Extend the SupabaseVectorStore class to be able to store the additional information. I have also change the call to the db to use the upsert function of Supabase instead of insert to be able to update the embeddings.

import { SupabaseVectorStore } from 'langchain/vectorstores'
import { DocumentBlog } from './DocumentBlog'

export class SupabaseVectorStoreBlog extends SupabaseVectorStore {
  async addVectors(vectors: number[][], documents: DocumentBlog[]): Promise<void> {
    const rows = vectors.map((embedding, idx) => ({
      content: documents[idx].pageContent,
      embedding,
      metadata: documents[idx].metadata,
      id: documents[idx].id,
      sourceType: documents[idx].sourceType,
      sourceName: documents[idx].sourceName,
      hash: documents[idx].hash,
    }))

    // upsert returns 500/502/504 (yes really any of them) if given too many rows/characters
    // ~2000 trips it, but my data is probably smaller than average pageContent and metadata
    const chunkSize = 500
    for (let i = 0; i < rows.length; i += chunkSize) {
      const chunk = rows.slice(i, i + chunkSize)

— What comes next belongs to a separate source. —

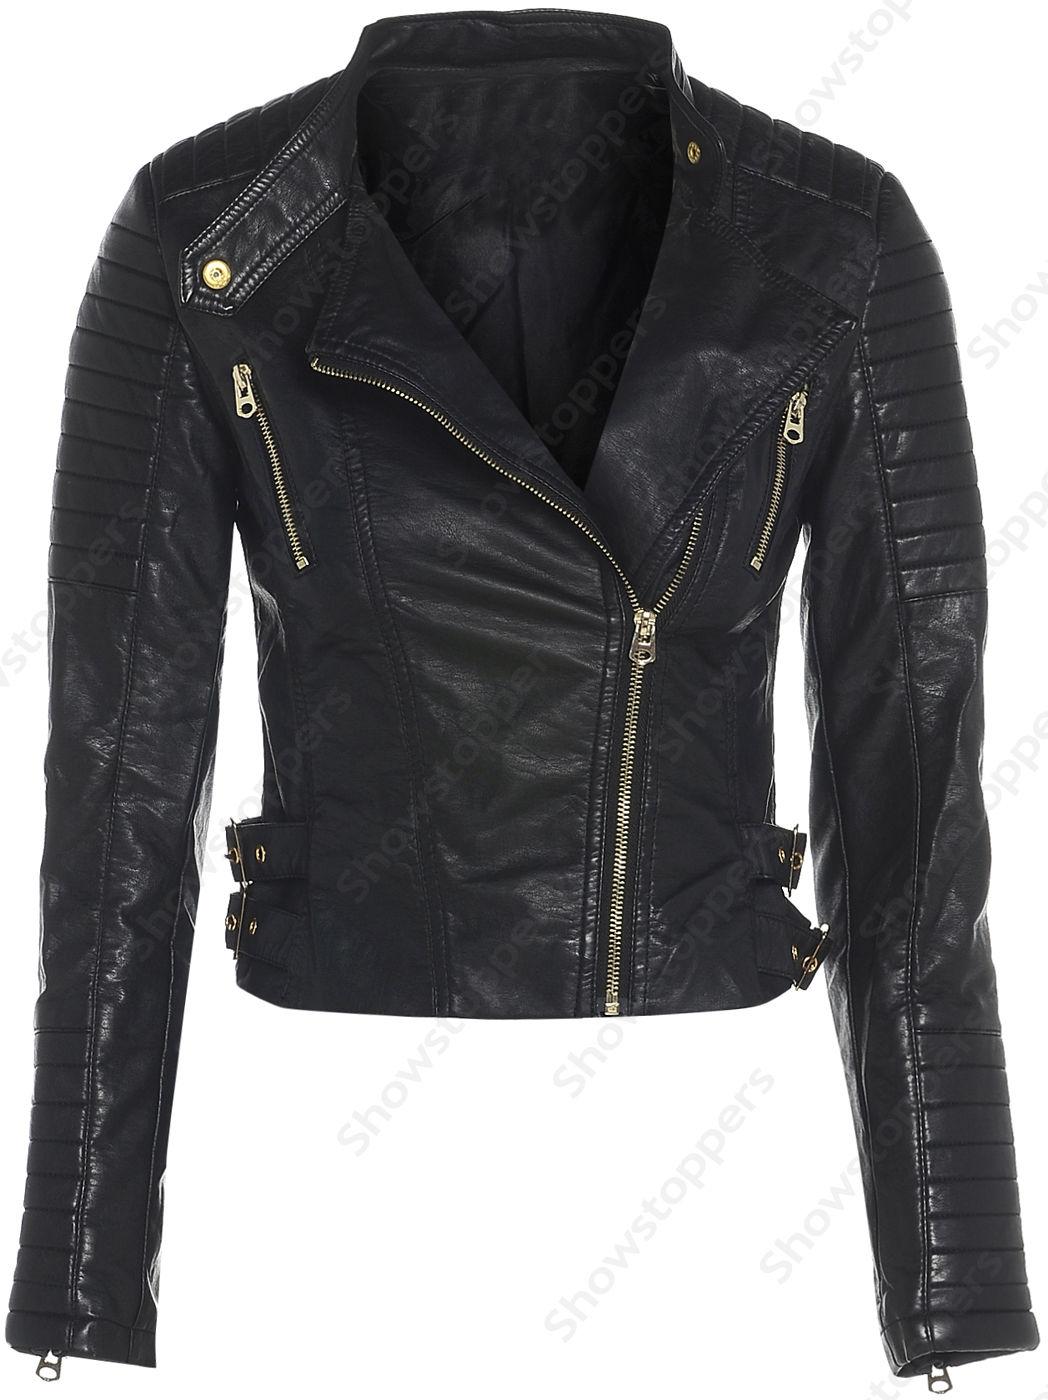 Size 8 10 12 14 16 NEW Womens BIKER JACKET Crop FAUX LEATHER Ladies ZIP Coat | eBay

      const res = await this.client.from(this.tableName).upsert(chunk)
      if (res.error) {
        throw new Error(`Error inserting: ${res.error.message} ${res.status} ${res.statusText}`)
      }
    }
  }
}

We can now create our enriched documents using the above function:

const loader = new DirectoryLoader('data/blog', {
'.mdx': (path) => new TextLoader(path),
})
const docs = await loader.load()

const splitter = new CharacterTextSplitter({
separator: '.\n',
chunkSize: 1500,
chunkOverlap: 200,
})

const splittedDocs = await splitter.splitDocuments(docs)
const documentsBlog = await createDocumentsBlogFromDocumentsArray(splittedDocs, 'files')

We now need to handle which documents and thus embeddings we need to update to have a clear database.

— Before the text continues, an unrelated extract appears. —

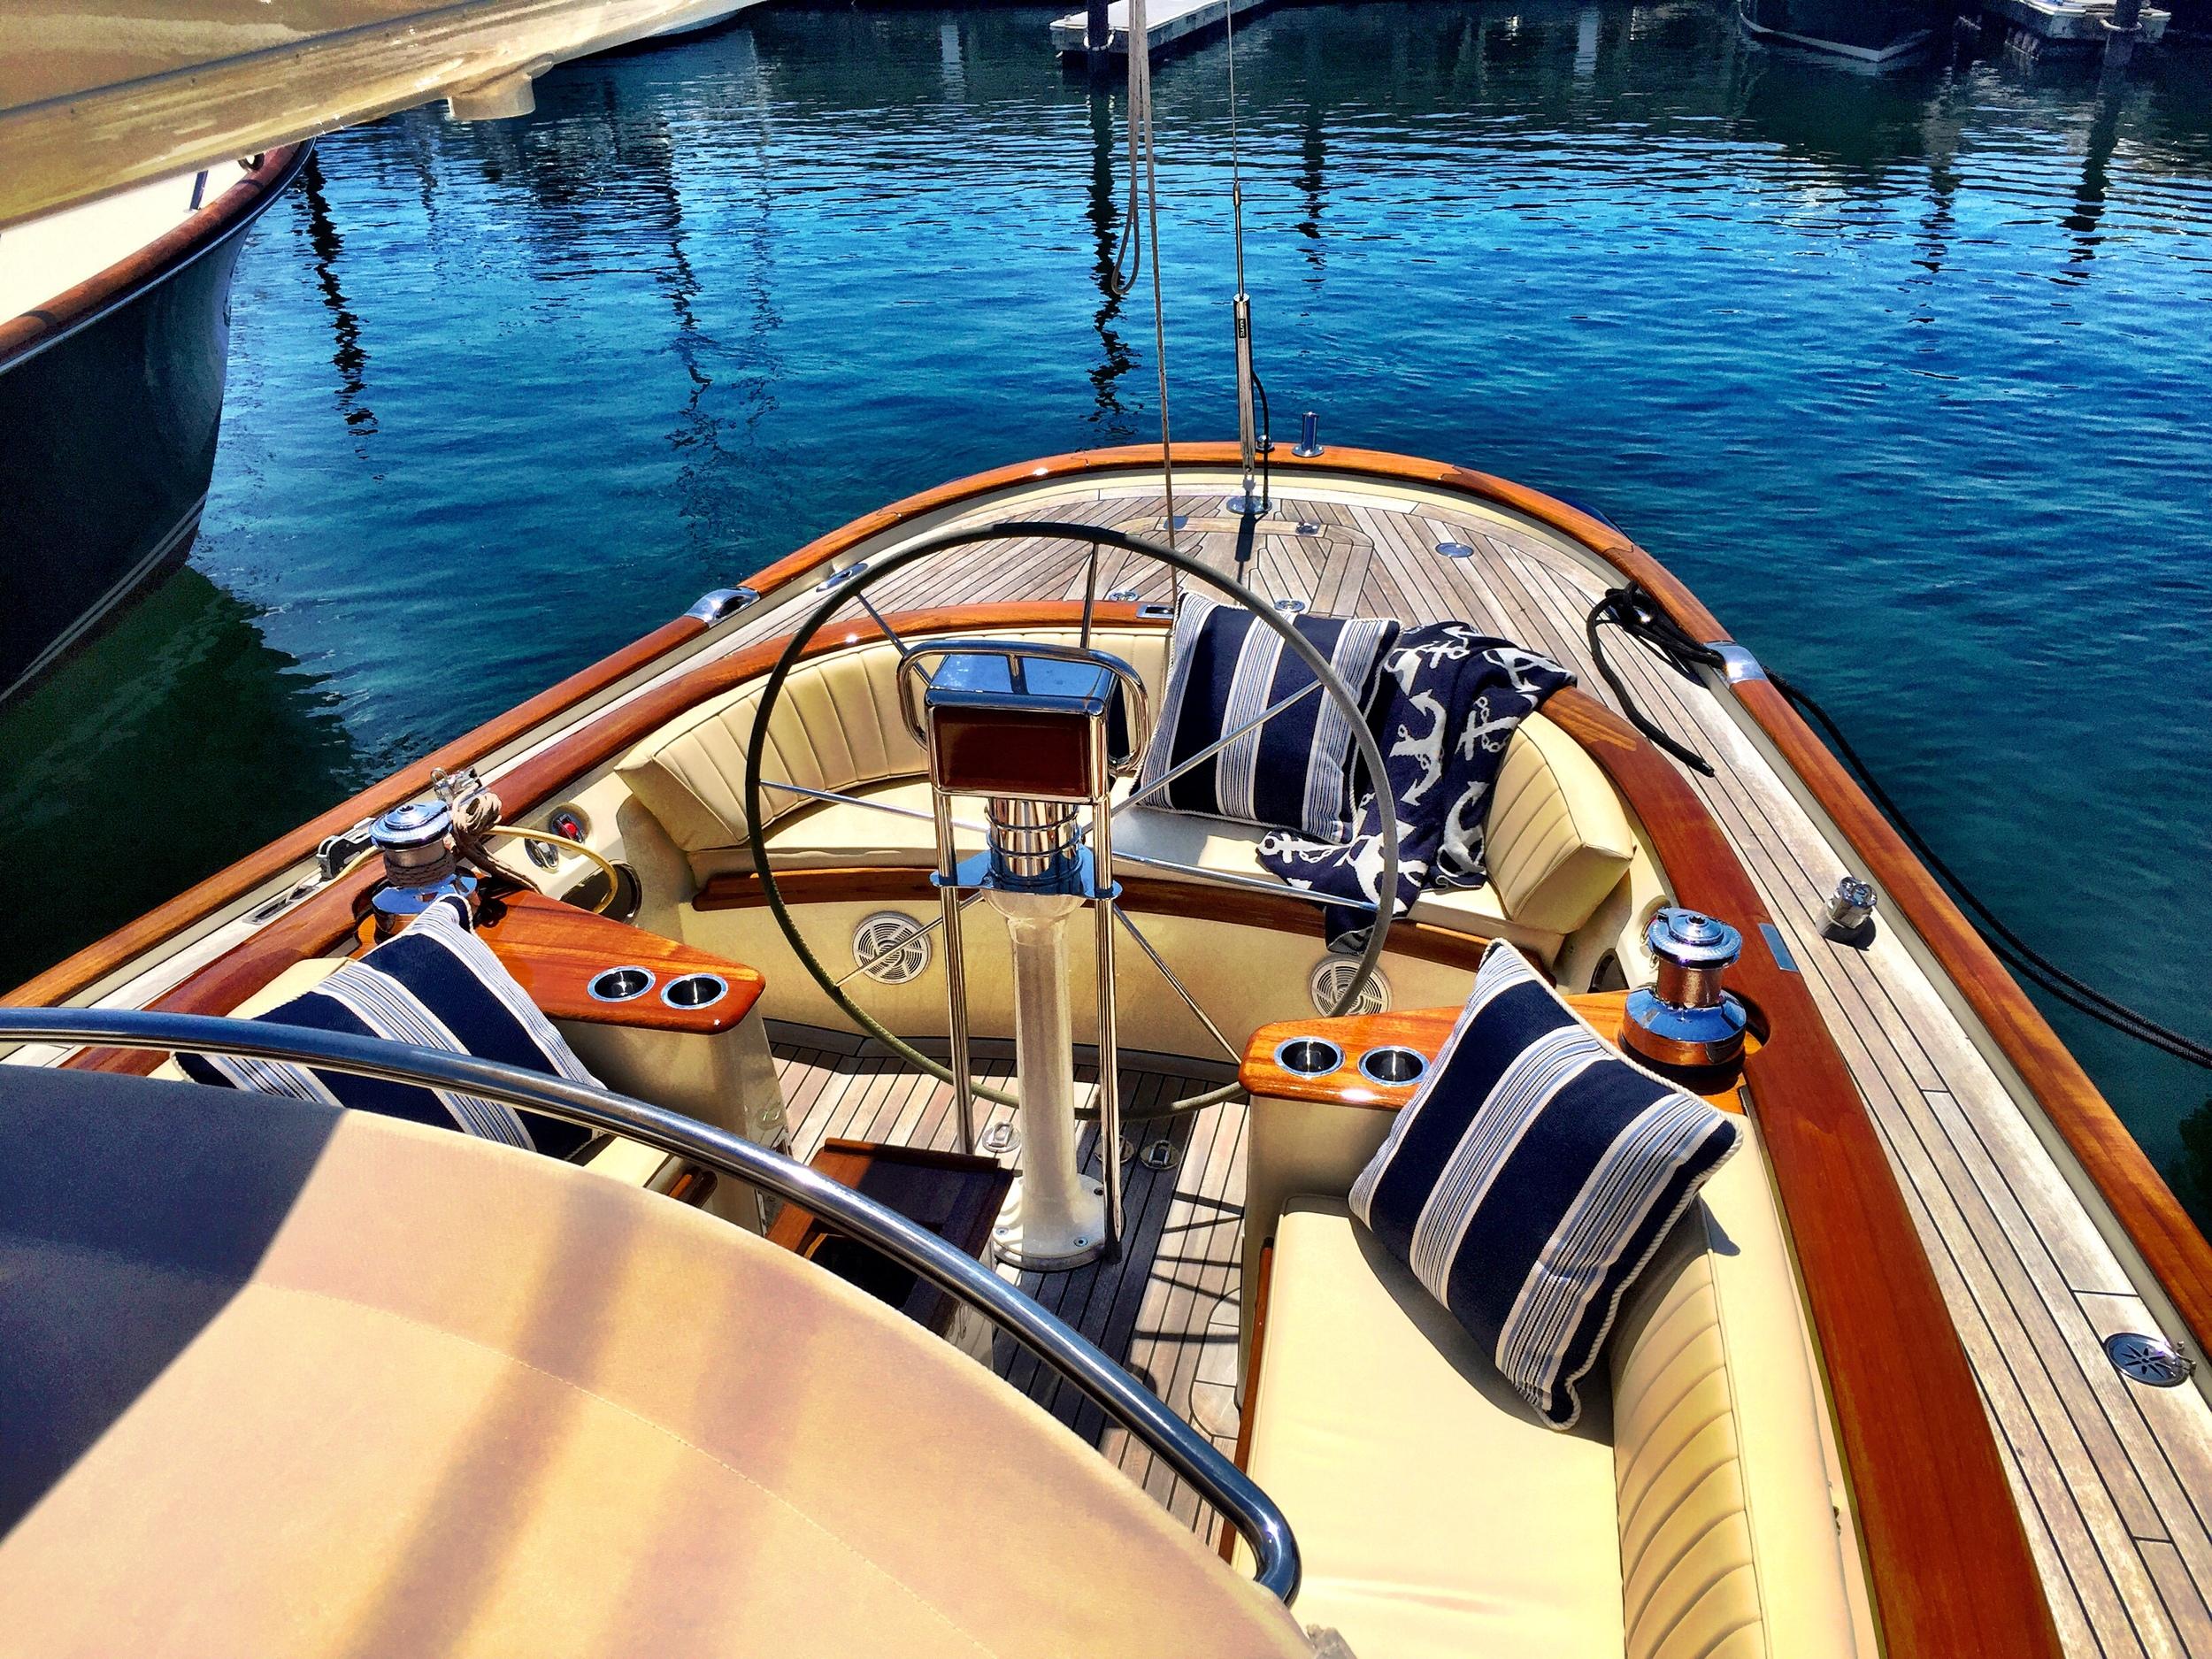 Maloney_Interiors_Boat_Cushions_Upholstery_Connecticut_Massachusetts_Rhoe_Island.JPG

The first step is to delete all embeddings in the database that have not the same id/LRN as the ones we are trying to upsert:

either the source doesn't exist anymore
or the source has been updated and the split of the file is not the same anymore creating documents with different id/LRN.

  for (const doc of docs) {
    //search for existing document with sourceName and type
    const documentsInDatabase = await prisma.documents.findMany({
      where: {
        sourceName: doc.metadata.source,
        sourceType: 'files',
      },
    })

    const documentsThatWillBeUpserted = documentsBlog.filter(
      (d) => d.sourceName === doc.metadata.source
    )
    const idsDocumentsThatWillBeUpserted = documentsThatWillBeUpserted.map((d) => d.id)

    const idsDocumentsThatWeShouldDeleted = documentsInDatabase
      .filter((d) => !idsDocumentsThatWillBeUpserted.includes(d.id))
      .map((d) => d.id)

    console.log('idsDocumentsThatWeShouldDeleted', idsDocumentsThatWeShouldDeleted)

    await prisma.documents.deleteMany({
      where: {
        id: {
          in: idsDocumentsThatWeShouldDeleted,
        },
      },
    })
  }

Then we can loop on the documents to check if the hash is the same or not. If it's the same we don't need to do anything and we avoid a useless call to create an embedding we already have which makes the script cheaper and faster. This makes our script idempotent and easy to scale.

 const docsToUpsert = []

  for (const doc of documentsBlog) {
    const document = await prisma.documents.findUnique({
      where: {
        id: doc.id,
      },
    })
    if (document) {
      if (document.hash === doc.hash) {
        console.log(doc.id, 'same hash ignore')
      } else {
        docsToUpsert.push(doc)
        console.log(doc.id, 'need to update')
      }
    } else {
      docsToUpsert.push(doc)
      console.log(doc.id, 'need to create')
    }
  }

  const client = createClient(url, privateKey)
  await SupabaseVectorStoreBlog.fromDocuments(docsToUpsert, new OpenAIEmbeddings(), {
    client,
    tableName: 'documents',
    queryName: 'match_documents',
  })

With this method the search will work the same way as before but we will have more information about the source of the document.